We are convinced that headless detection methods will improve over time (see e.g. headless-cat-n-mouse on Github). After publication of the technical paper, it is very likely that online services try to protect against HOSIT. So feel free to improve this framework.
We provide further details about HOSIT in the following publication. There you can also find information on how to use HOSIT for your own research studies. Please cite the paper when using HOSIT in your own studies:
Even Turing Should Sometimes Not Be Able To Tell: Mimicking Humanoid Usage Behavior for Exploratory Studies of Online Services (2019)
Stephan Wiefling, Nils Gruschka, and Luigi Lo Iacono.
24th Nordic Conference on Secure IT Systems (NordSec 2019), Aalborg, Denmark.
@inproceedings{Wiefling_Even_2019,
author = {Wiefling, Stephan and Gruschka, Nils and Lo Iacono, Luigi},
title = {Even {Turing} {Should} {Sometimes} {Not} {Be} {Able} {To} {Tell}: {Mimicking} {Humanoid} {Usage} {Behavior} for {Exploratory} {Studies} of {Online} {Services}},
booktitle = {24th {Nordic} {Conference} on {Secure} {IT} {Systems} ({NordSec} 2019)},
series = {{Lecture} {Notes} in {Computer} {Science}},
volume = {11875},
pages = {188--203},
isbn = {978-3-030-35055-0},
doi = {10.1007/978-3-030-35055-0_12},
publisher = {Springer Nature},
location = {Aalborg, Denmark},
month = nov,
year = {2019}
}
We also did a comprehensive study on Risk-based Authentication using this tool:
Is This Really You? An Empirical Study on Risk-Based Authentication Applied in the Wild (2019)
Stephan Wiefling, Luigi Lo Iacono, and Markus Dürmuth.
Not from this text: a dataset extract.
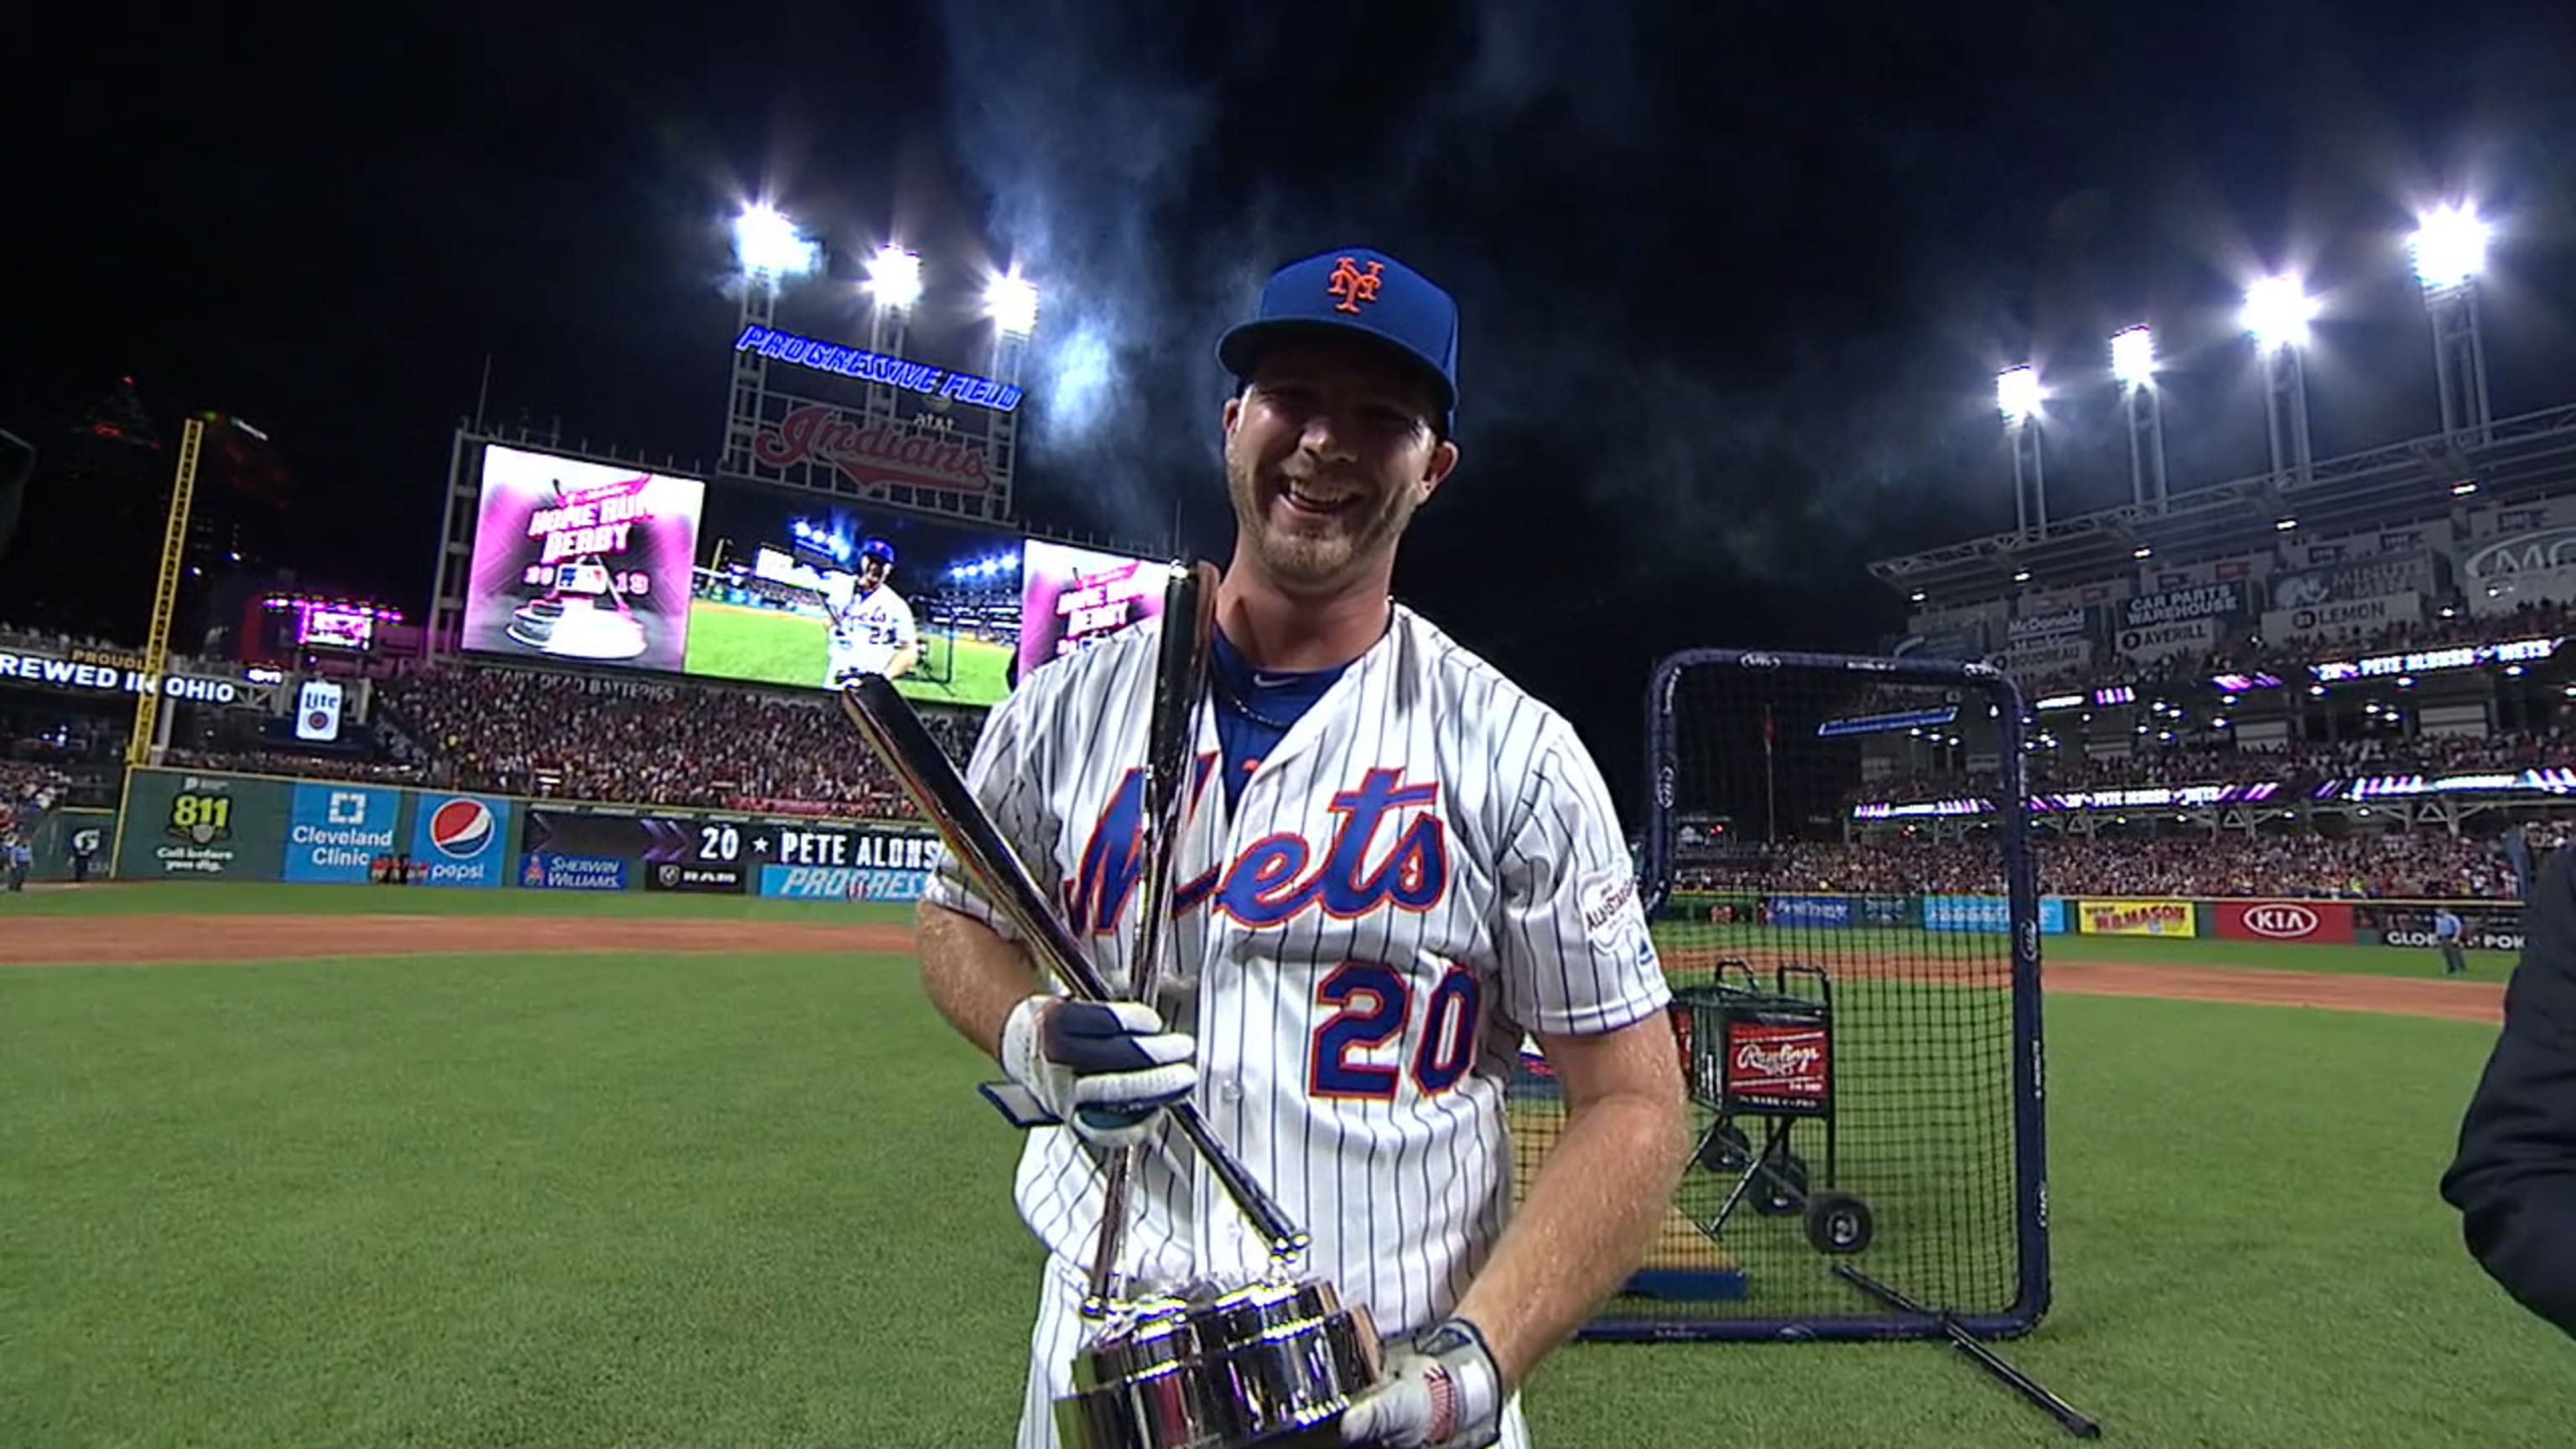 Pete Alonso is the New York Mets' one man party

34th IFIP TC-11 International Conference on Information Security and Privacy Protection (IFIP SEC 2019), Lisbon, Portugal.
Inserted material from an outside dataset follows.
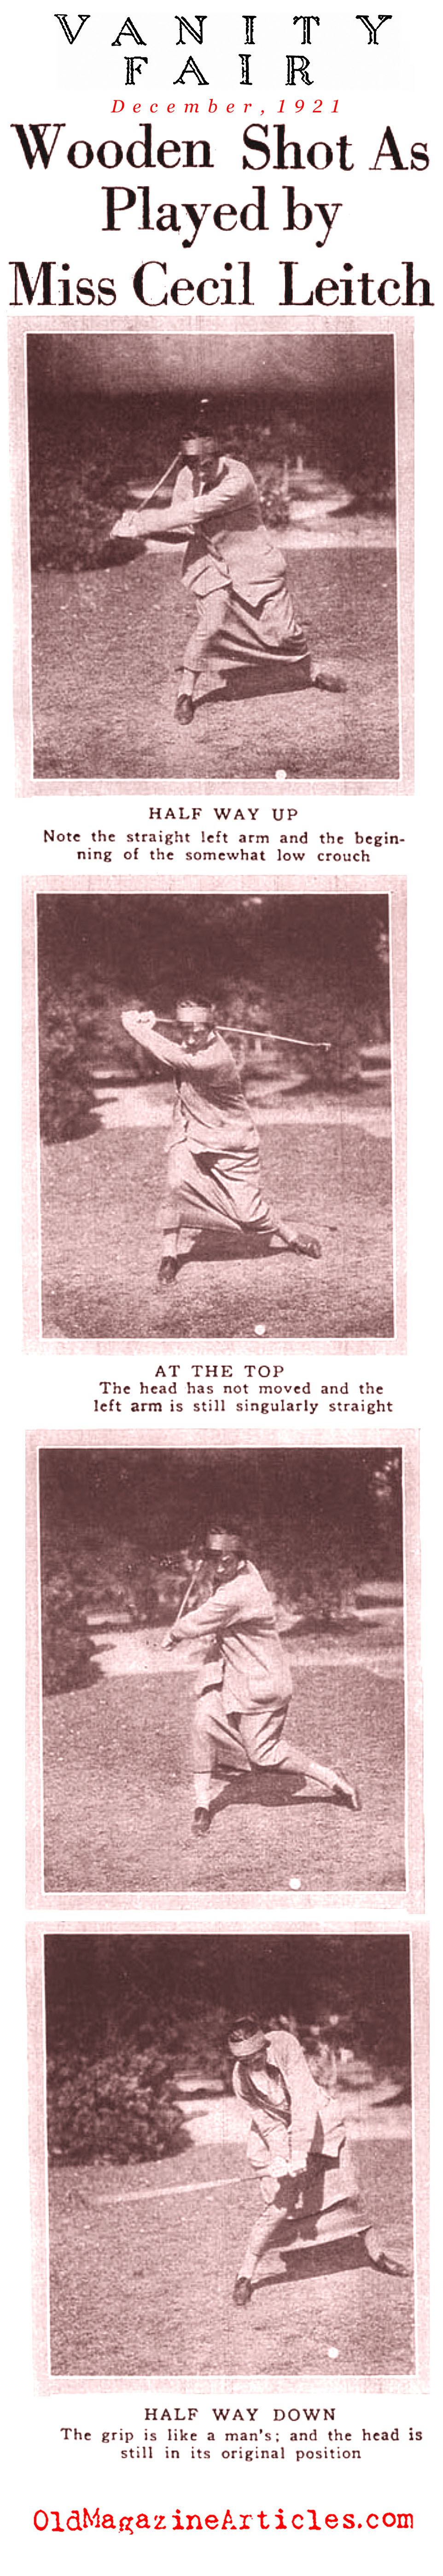 The Swing of Cecil Leitch (Vanity Fair Magazine, 1921)

@inproceedings{Wiefling_Is_2019,
author = {Wiefling, Stephan and Lo Iacono, Luigi and D\"{u}rmuth, Markus},
title = {Is {This} {Really} {You}? {An} {Empirical} {Study} on {Risk}-{Based} {Authentication} {Applied} in the {Wild}},
booktitle = {34th {IFIP} {TC}-11 {International} {Conference} on {Information} {Security} and {Privacy} {Protection} ({IFIP} {SEC} 2019)},
series = {{IFIP} {Advances} in {Information} and {Communication} {Technology}},
volume = {562},
pages = {134--148},
isbn = {978-3-030-22311-3},
doi = {10.1007/978-3-030-22312-0_10},
publisher = {Springer International Publishing},
location = {Lisbon, Portugal},
month = jun,
year = {2019}
}
This project is licensed under the MIT License (LICENSE).